• Grow sales by $10,000,000!
  • Reduce costs by 10%!
  • Improve Customer Satisfaction by 5 points!
  • Train 10,000 people!

Why is it when goals are shared, they are usually given in these huge, scary, seemingly insurmountable numbers? The first time it happened to me, I was a young manager taking over a branch in a depressed socio-economic area of my city. When I saw the huge numbers, I completely panicked and felt defeated before I even started. Ironically, that was just the opposite effect from what the goal was supposed to have!

Goals are more than just the numbers given to you by management – they are the lifeblood of having a sustainable company. As managers, we must embrace goal setting and devote the appropriate time to plan our execution to achieve our goals. Goal setting is like most things in life – you’ll get out of it what you put into it! Let’s take a look at three tips for better goal setting:

  • Breaking Goals into Manageable Bites
  • Action Steps
  • Tracking

Breaking Goals into Manageable Bites

Do you know how to eat an elephant? One bite at a time! You do the same thing with big goals. Break them down into more manageable bites. An annual goal can be broken down into quarterly, monthly, weekly, even daily targets – use as small an increment as you need. Are you setting goals for a team of five? Break it down to per person per day. Flying solo on the goals? You can break it down by hour, if that is the bite size that best fits your personality.

For me, I have found starting with quarterly helps. If that is still too big or unwieldy to manage for you, as I said you can go to monthly, then weekly then daily if necessary. See how much more manageable $10,000,000 seems when broken down to the daily level.

  • $10,000,000/365 = $27,397.26
  • Now break it down for your team of five.
  • §$27,397.26/5 = $5579.45
  • $5,600 per person per day seems much more doable than $10,000,000, doesn’t it?

Action Steps

Now that you have your goals broken down into more manageable bites, how are you going to achieve them? This is where action steps come in. Action steps make up the meat of your plan. They give you the road map to achieve your goals. Plan your work and work your plan…in order to achieve our goals!

When I received a goal of training 10,000 people, I almost had a heart attack. Then I sat down and thought about what that meant. Next I worked on my action steps to achieve that lofty goal.

In this particular situation, I thought about who, what, when, where and how. These helped me think through the different audiences, the components needed for each audience and the production schedule to make them happen. The result was a training program nominated for a public relations award that year!


Goals are great. Results are more important. How do we know the results? Why, tracking, of course. The old adage “you cannot manage what you do not measure” is true! Track progress towards your goals with appropriate frequency (daily, weekly, monthly, etc.). Don’t just look at the actual numbers, though. Look at the action steps, too. I frequently found that numbers fell short when the action steps were circumvented. A good plan (action steps) can’t deliver if it isn’t followed.

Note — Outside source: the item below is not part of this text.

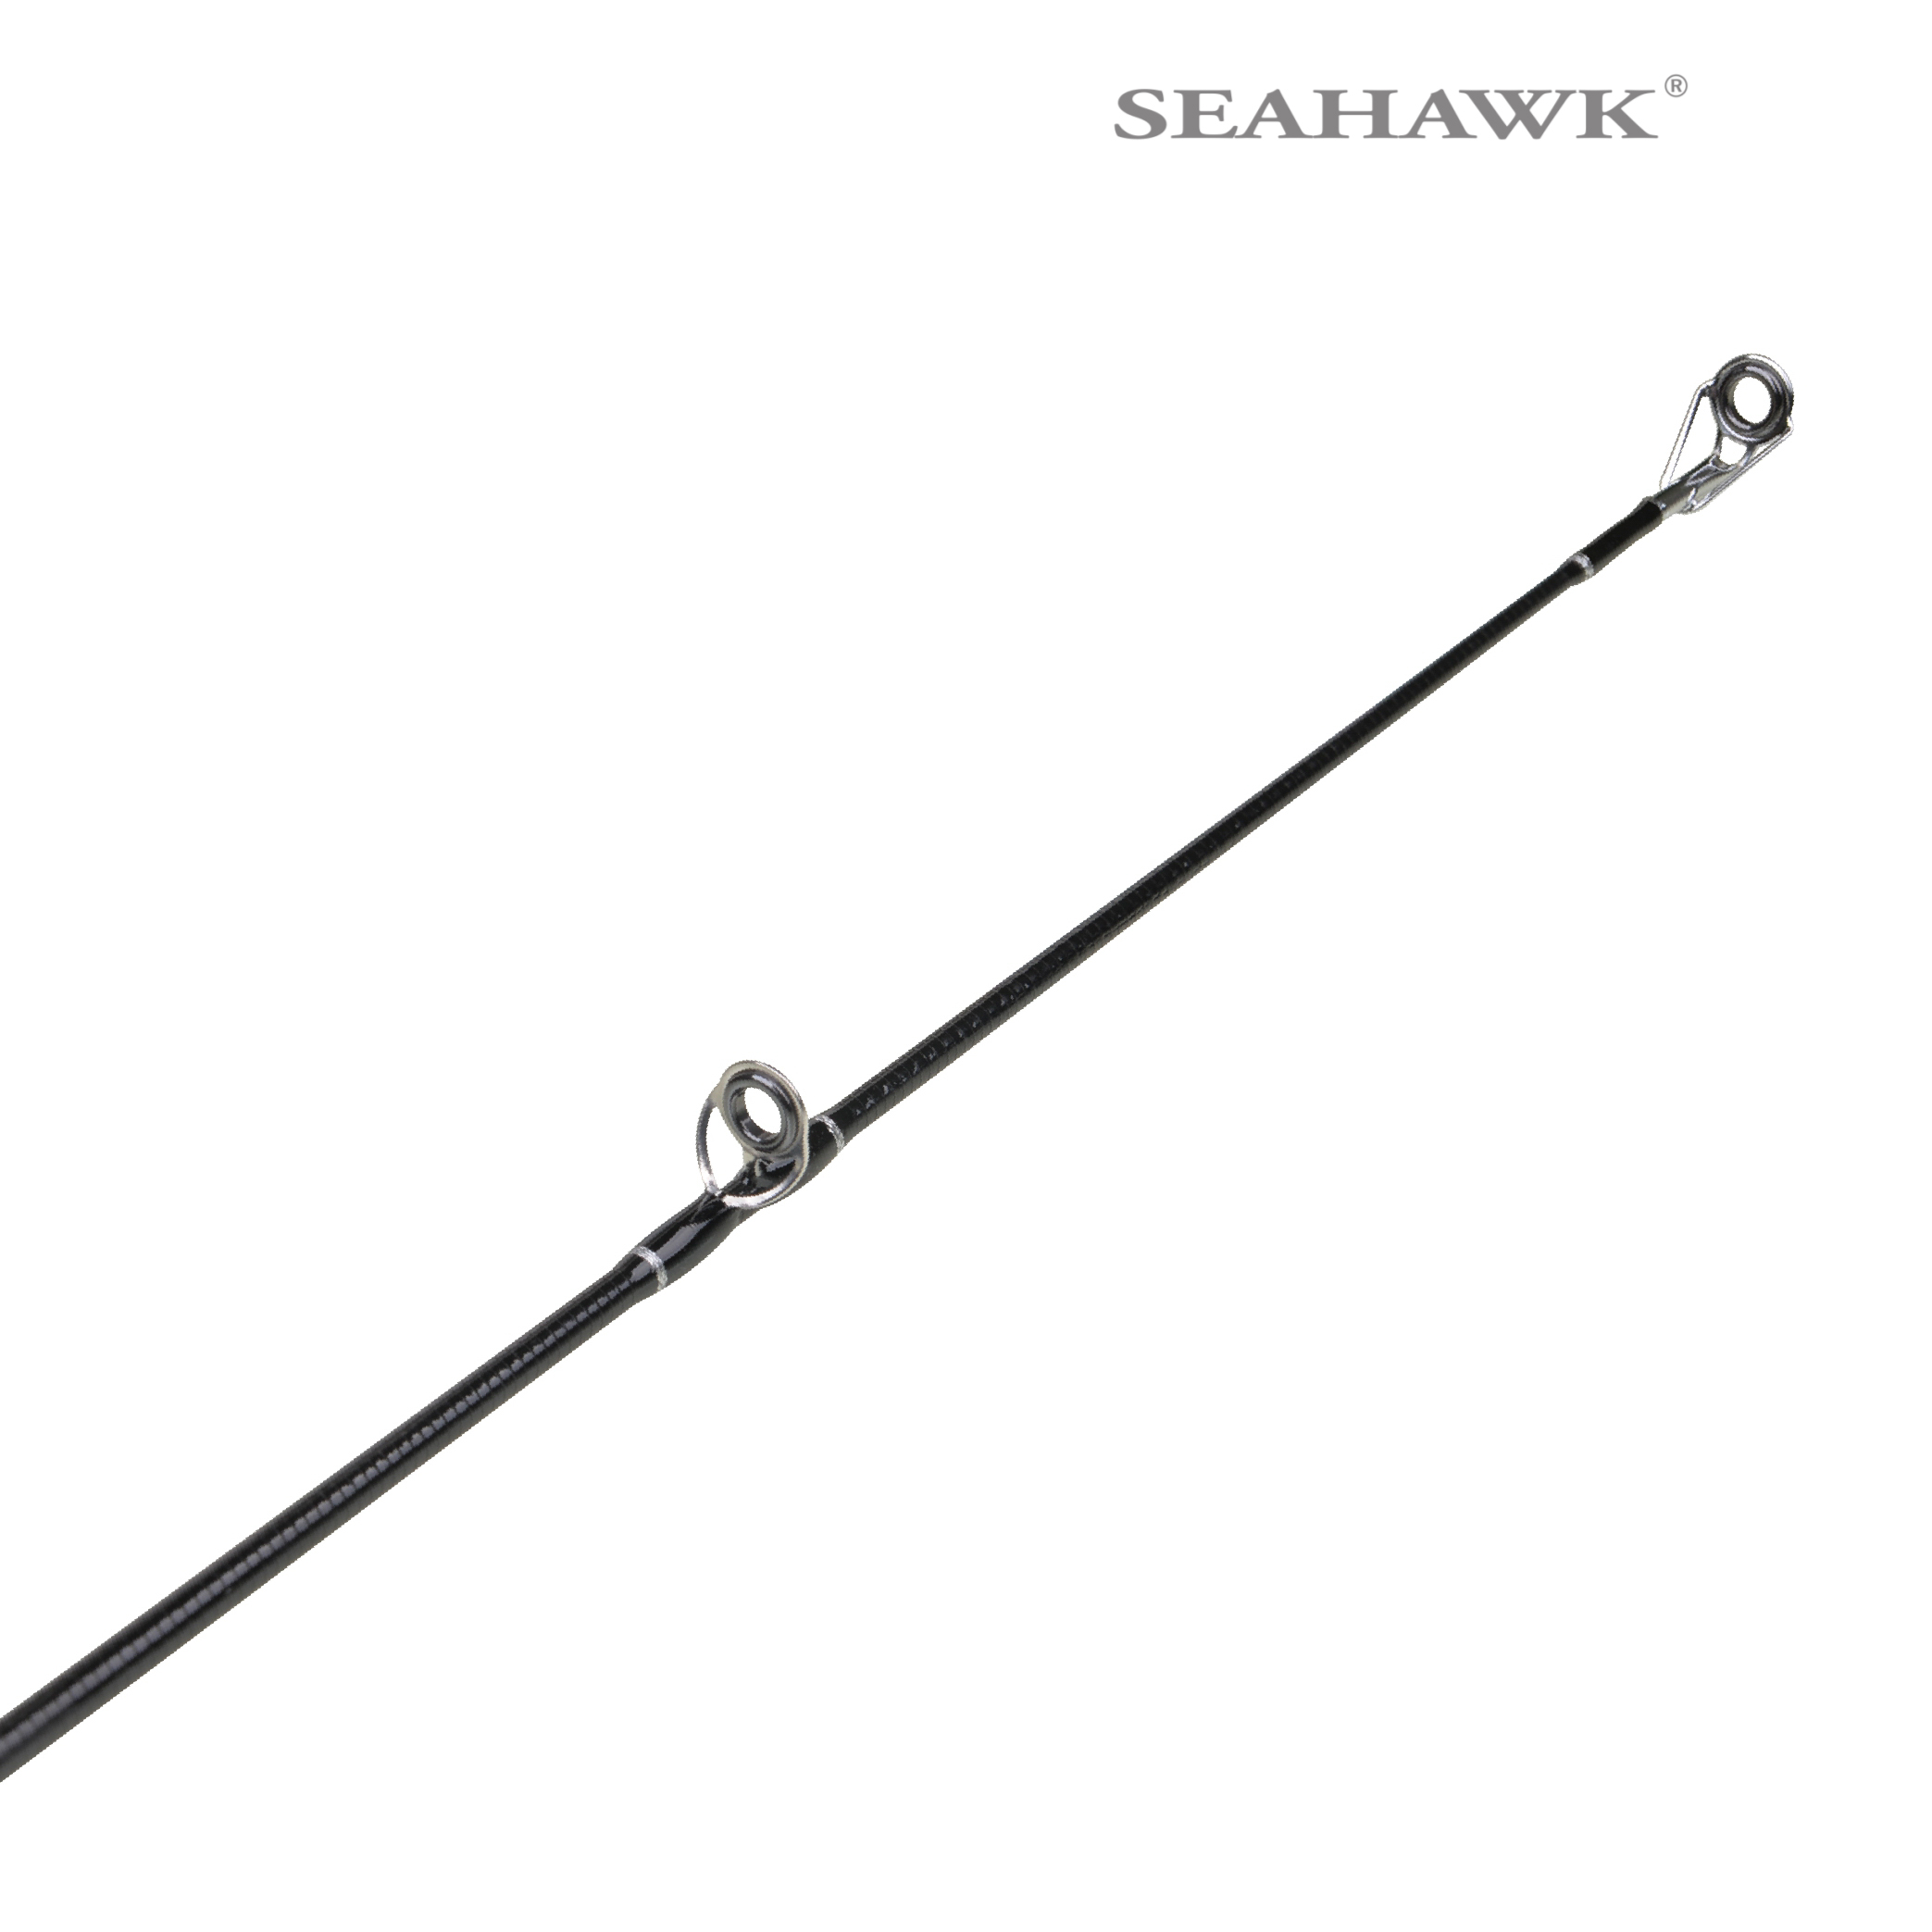 Seahawk Power Seven PS 03

I’ve found it helps to create a fun visual for tracking purposes. Just looking at numbers can be boring. Once I used a puzzle. Each incremental improvement in the efficiency achieved put a new piece of the puzzle in place. Once the puzzle was complete, our team got a special treat that was revealed by the completed puzzle. It got to the point where my team was asking me every day when I was going to update the puzzle.

While I’ve primarily been focused on goal setting in a work environment, these tips apply across the board. Want to save money for a special trip or a new car? These tips will work. How about losing weight (my perennial favorite)? If you break down your goal, follow your plan, and track your progress - these tips will work for weight loss, too!

At the end of the day, just remember, when faced with a seemingly insurmountable goal, even an elephant can be eaten one bite at a time.